Discover the art of goal mastery as we break down the process of turning lofty dreams into everyday reality. I'll share with you the method behind setting achievable targets and the importance of celebrating each small triumph along the way. You'll learn the necessity of having a game plan, the magic of accountability, and why it's crucial to forgive yourself when life throws a curveball. This episode isn't just about charting a path to success—it's about recognizing that every step forward is a victory in itself.
Finally, we address the essential topic of mental fortitude. This isn't just a talk about discipline; it's a guide to building the kind of mental resilience that can weather any storm. Amy and I provide you with actionable wellness tips and remind anyone struggling that help, like what's offered at Unison Health, is within reach.
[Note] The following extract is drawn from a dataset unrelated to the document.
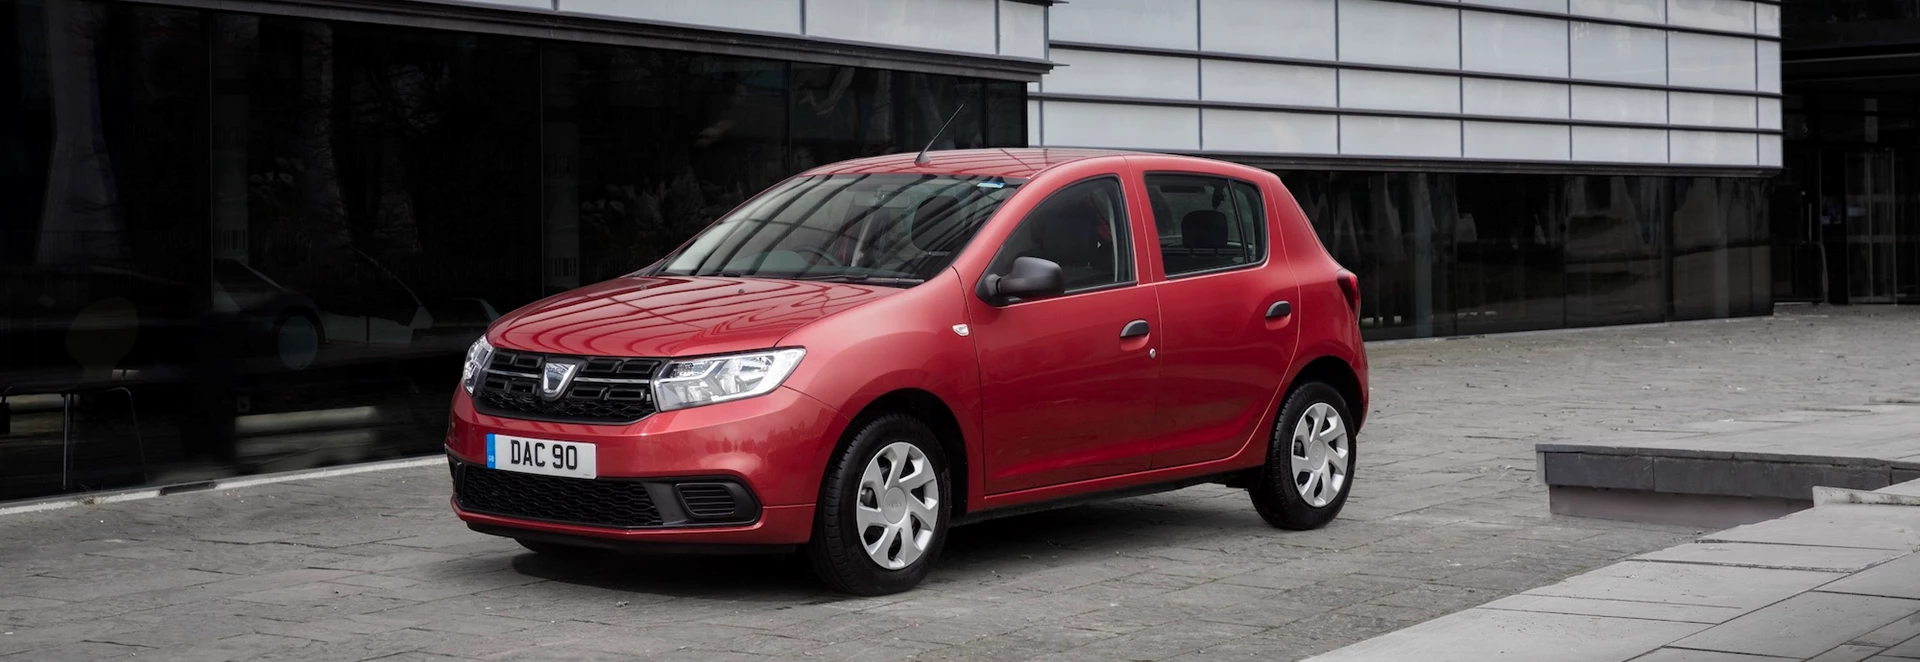 Why the Dacia Sandero is great value for money

We close by reinforcing the message that life's true achievement is in the journey—continually striving to be our best selves with a dose of kindness towards oneself and others. This episode is more than just a conversation; it's a roadmap to a more fulfilled, balanced life.
And that's what we talk about all the time in the gym is we do hard things here so we can do hard things outside of the gym. And whether that's parenting my you know my kids when they're having a rough day or a difficult challenge at work, when you, when you make a commitment to yourself and you keep it, it breeds confidence.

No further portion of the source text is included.